Centrica plc today announced that Goldfish Bank Ltd has reached agreement to sell to Lloyds TSB for cash the Goldfish credit card, personal loan business and associated business assets for a premium of £112.5m or around 14% of net credit card receivables as at 30 June, 2003. The transaction also includes the Goldfish brand and loyalty programme.

Centrica and Lloyds TSB have economic interests of 70 per cent and 30 per cent respectively in Goldfish Bank. The consideration will ultimately be distributed on a pro rata basis to Centrica and Lloyds TSB following an orderly closure of the bank’s activities.

In addition, Goldfish Bank will receive from Lloyds TSB an amount equal to the net book value of the finance receivables as at completion of around £900m, such monies to be applied in repayment of Goldfish Bank’s customer deposits and bank loans.

Centrica believes this agreement will deliver the best long term value for its shareholders. Goldfish remains a sub-scale business operating in an increasingly competitive market and a tight regulatory climate. A sale to Lloyds TSB avoids very significant costs in migrating customers from Goldfish which would have been incurred under a sale to a third party.
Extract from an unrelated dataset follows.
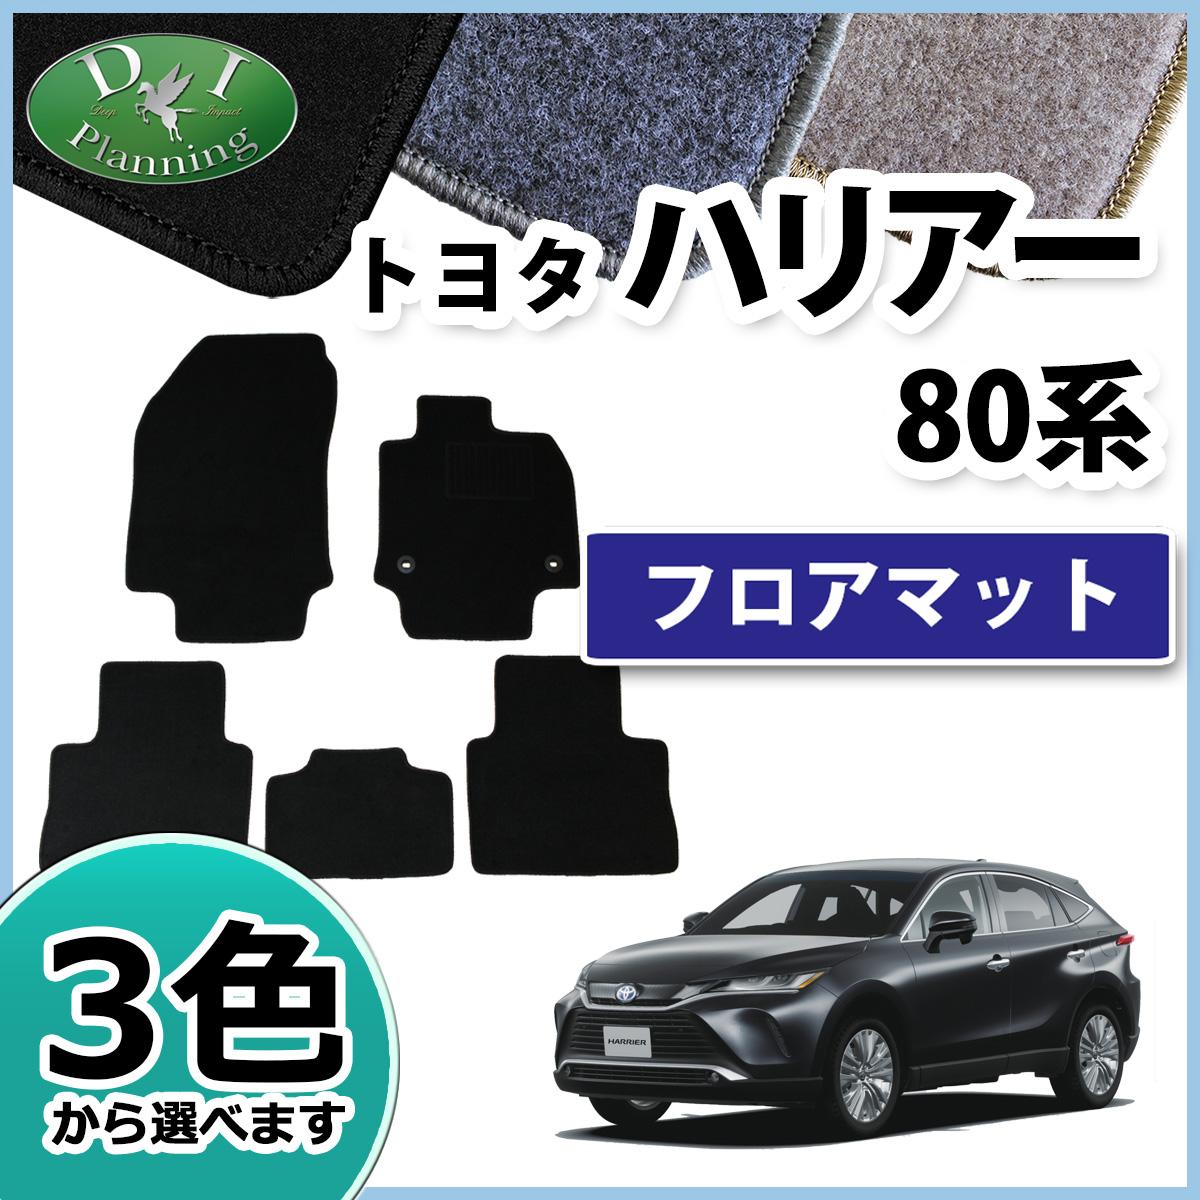 こちらの商品はトヨタ ハリアーハイブリッド AXUH80 AXUH85 フロアマット DX黒になります。

The Goldfish credit card and its associated loyalty scheme were originally developed as a customer retention initiative within the group’s energy supply business. Since then, Centrica has retained its position as the UK’s leading household gas supplier and transformed itself into the leading domestic electricity supplier, with an overall household energy market share of around 41 per cent. Goldfish credit card holders will continue to be able to redeem their loyalty points against British Gas bills.

Sir Roy Gardner, Chief Executive of Centrica, said: "Centrica has a rigorous approach to managing its businesses for value. Goldfish has developed into a very strong brand but we believe that the capital investment required to achieve the necessary scale would be better directed towards our core businesses."

The transaction is expected to complete in the fourth quarter of 2003.